Consider using Pretrained Generative Models like T5, GPT-3, or BART for generating coherent and well-structured summaries. These models excel at tasks like summarization and text generation, and can be fine-tuned to produce high-quality outputs based on the extracted insights from reviews. You are encouraged to explore other Transformer-based models available on platforms like Hugging Face. Fine-tuning any of these pre-trained models on your specific dataset could further improve the relevance and quality of the generated summaries.
- Primary Dataset: Amazon Product Reviews
- Larger Dataset: Amazon Reviews Dataset
- Additional Datasets: You are free to use other datasets from sources like HuggingFace, Kaggle, or any other platform.
- All your three components (classification, clustering, and text summarizer) should be visible or possible to interact with on the page in some form.
- You are free to host the models on your laptop or any cloud platform (e.g., Gradio, AWS, etc.).
- Source Code:
- Well-organized and linted code (use tools like
pylint). - Notebooks should be structured with clear headers/sections.

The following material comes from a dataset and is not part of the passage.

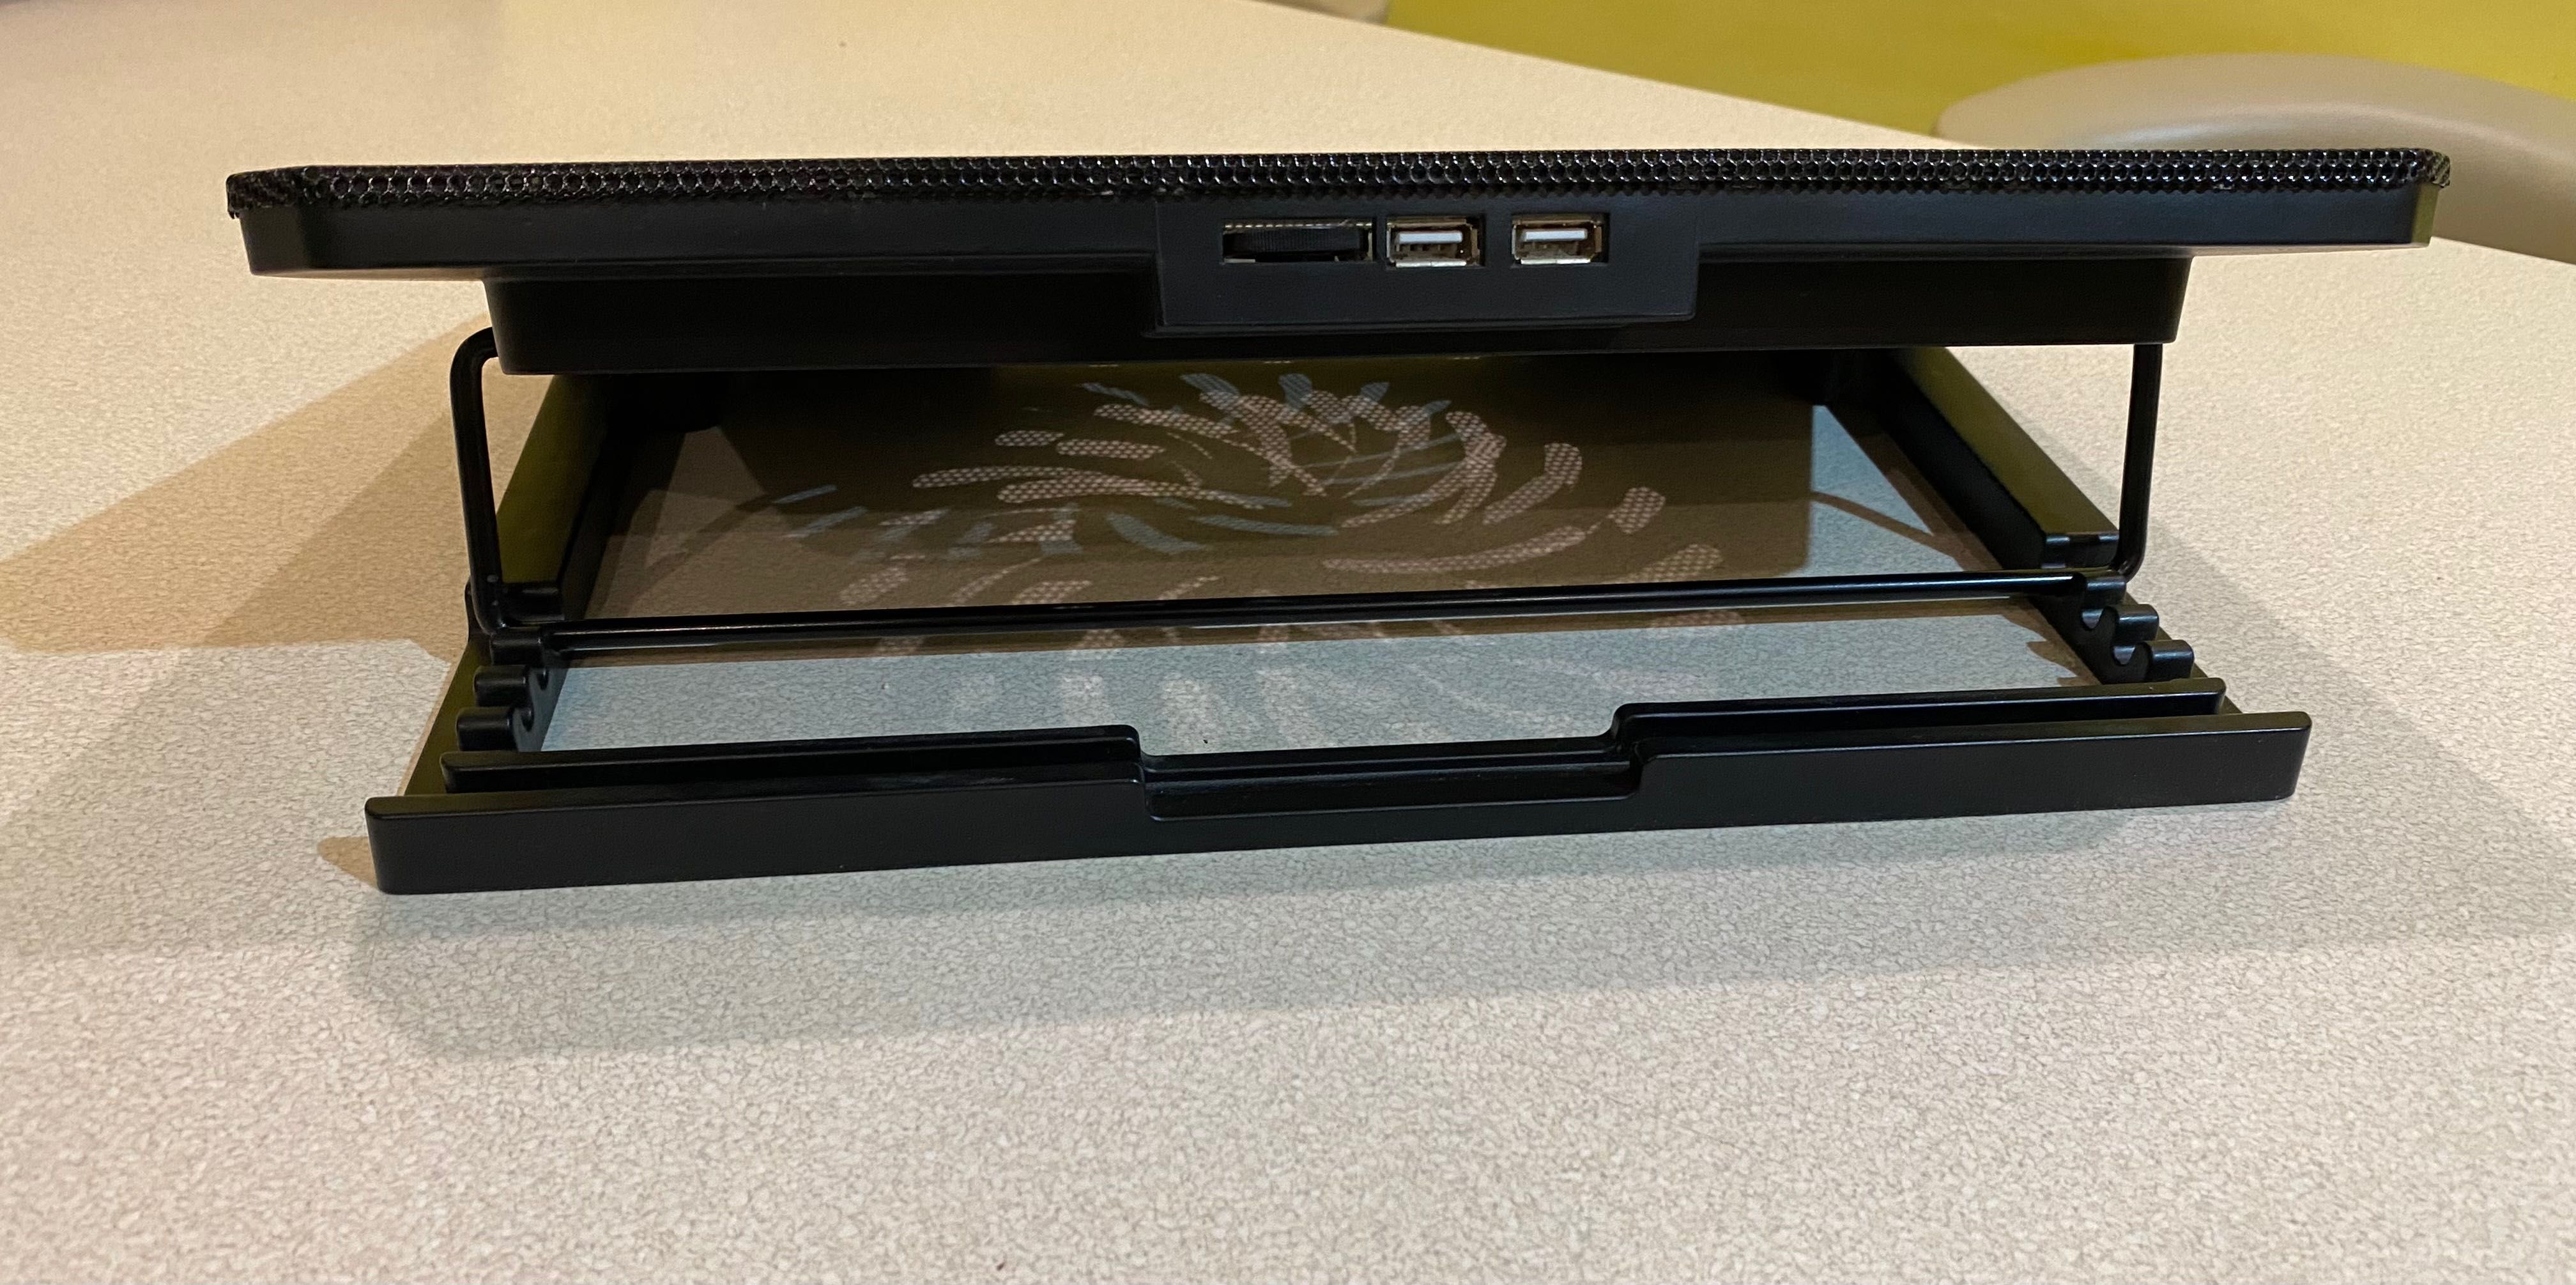 Podstawka chłodząca pod laptopa

- Alternatively, provide plain Python files with a
main()function.
- Well-organized and linted code (use tools like
- README:
- A detailed README file explaining how to run the code and reproduce the results.
- Final Output:
- Generated blog posts with product recommendations.

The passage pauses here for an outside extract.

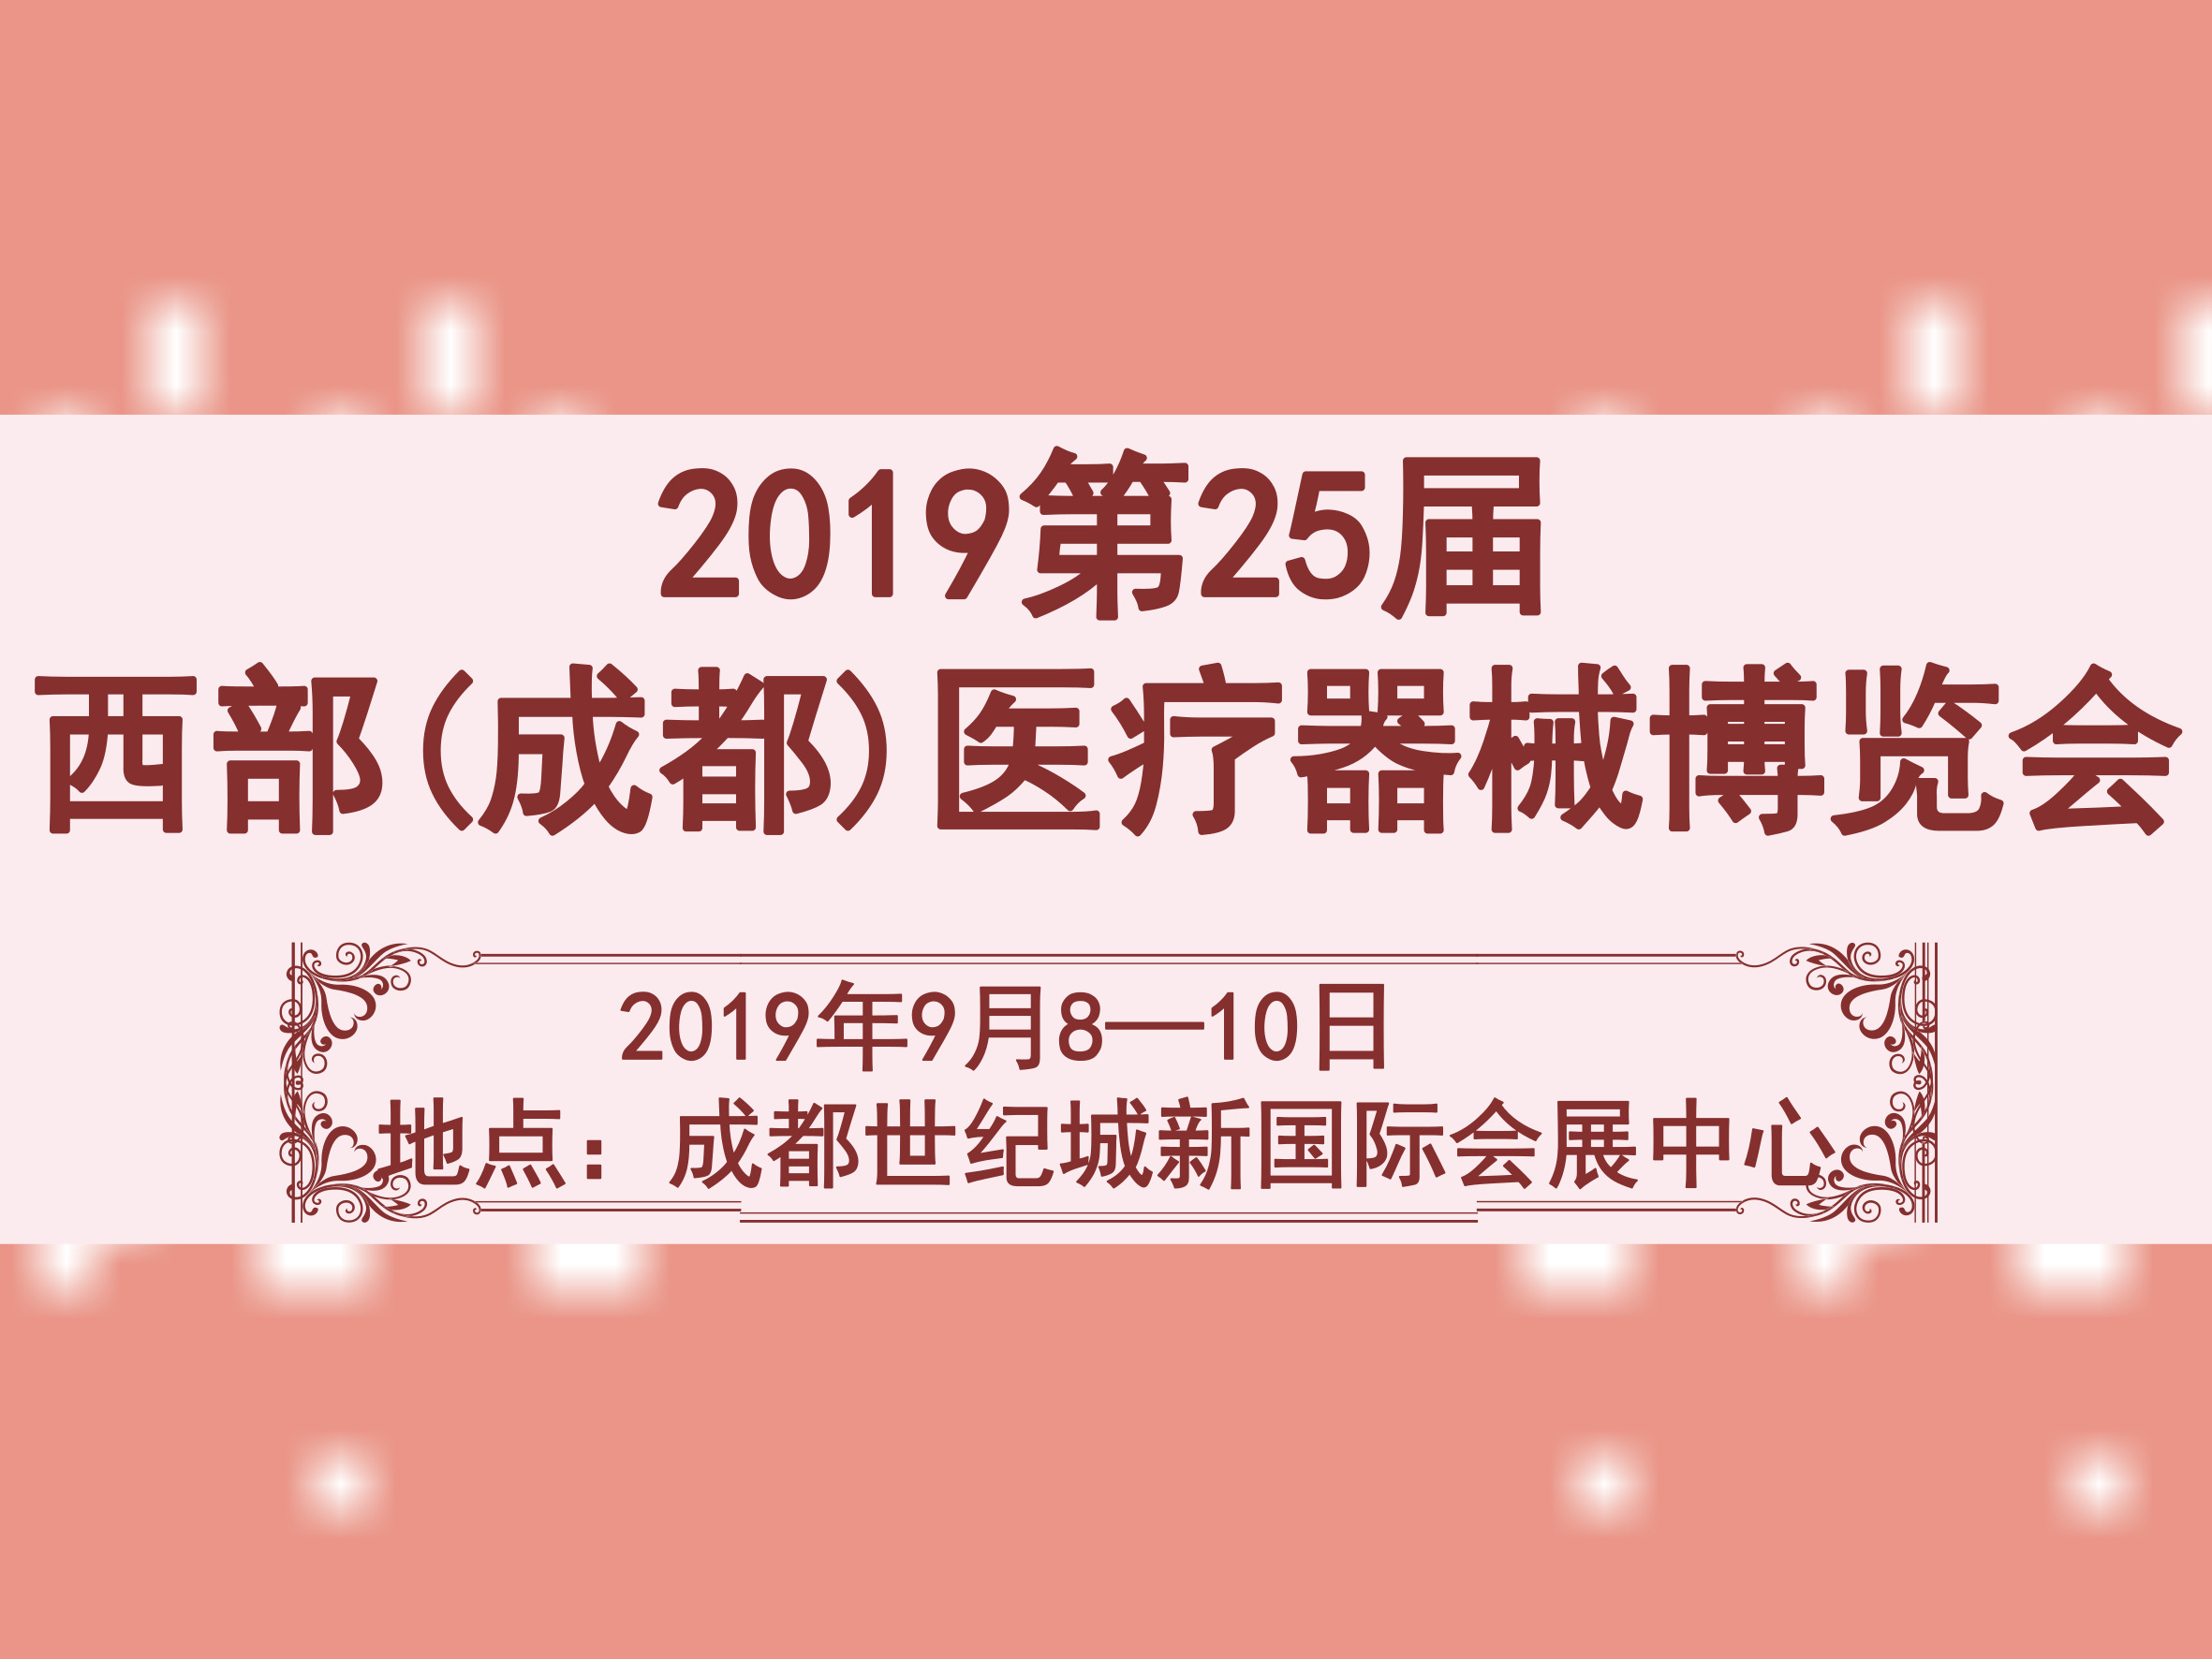 2019第25届西部(成都)医疗器械博览会

- A website, text file, or Word document containing the final results.
- PPT Presentation:
- A presentation (no more than 15 minutes) tailored for both technical and non-technical audiences.
- Bonus | Deployed Model:
- Bonus: A deployed website/app using the framework of your choice.

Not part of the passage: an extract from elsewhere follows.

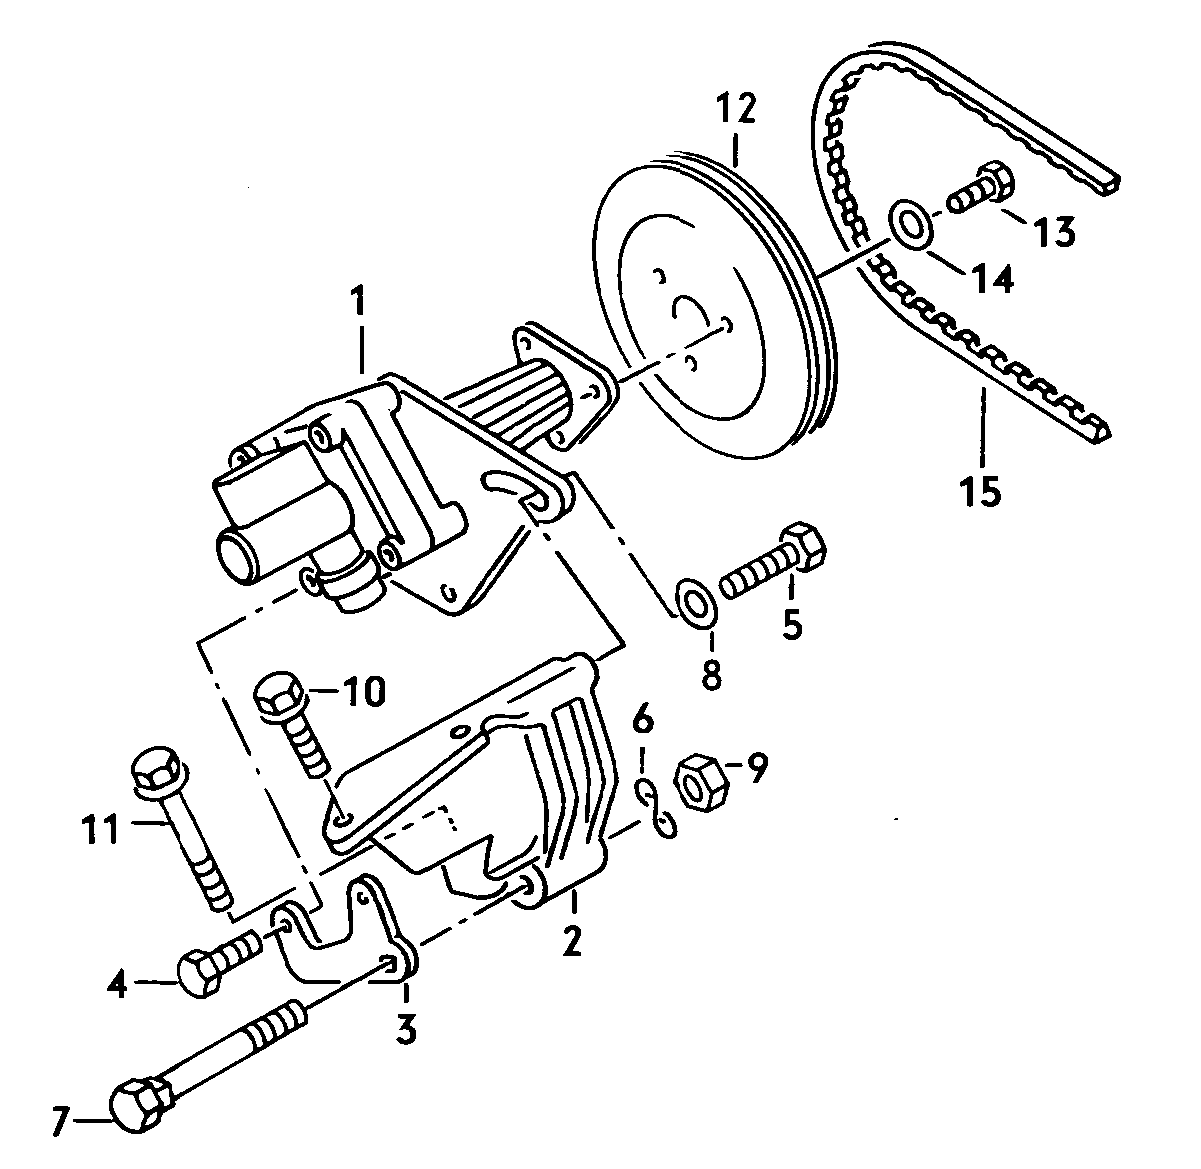 pompa idraulicaper servosterzo 1,9/2,1 l - Typ 2/syncro - t2

- Bonus: Host the app so it can be queried by anyone.
| Task | Points |
|---|---|
| Data Preprocessing | 15 |
| Model for Review Classification | 20 |
| Clustering Model | 20 |
| Summarization Model | 30 |
| PDF Report (Approach, Results, Analysis) | 5 |
| PPT Presentation | 10 |
| Bonus: Deployment & Hosting the App Publicly | 10 |
Passing Score: 70 points.
- Teamwork: Work individually or in groups of no more than 2 people.
- Presentation: Tailor your presentation for both technical and non-technical audiences.
- Data Collection: Gather and preprocess the dataset(s).
- Model Development:
- Build and evaluate the review classification model.
- Develop and test the clustering model.
- Create the summarization model using Generative AI.
- OPTIONAL | Deployment: Deploy the models using your chosen framework.
- Documentation: Prepare the README, PDF report, and PPT presentation.
- Final Delivery: Submit all deliverables.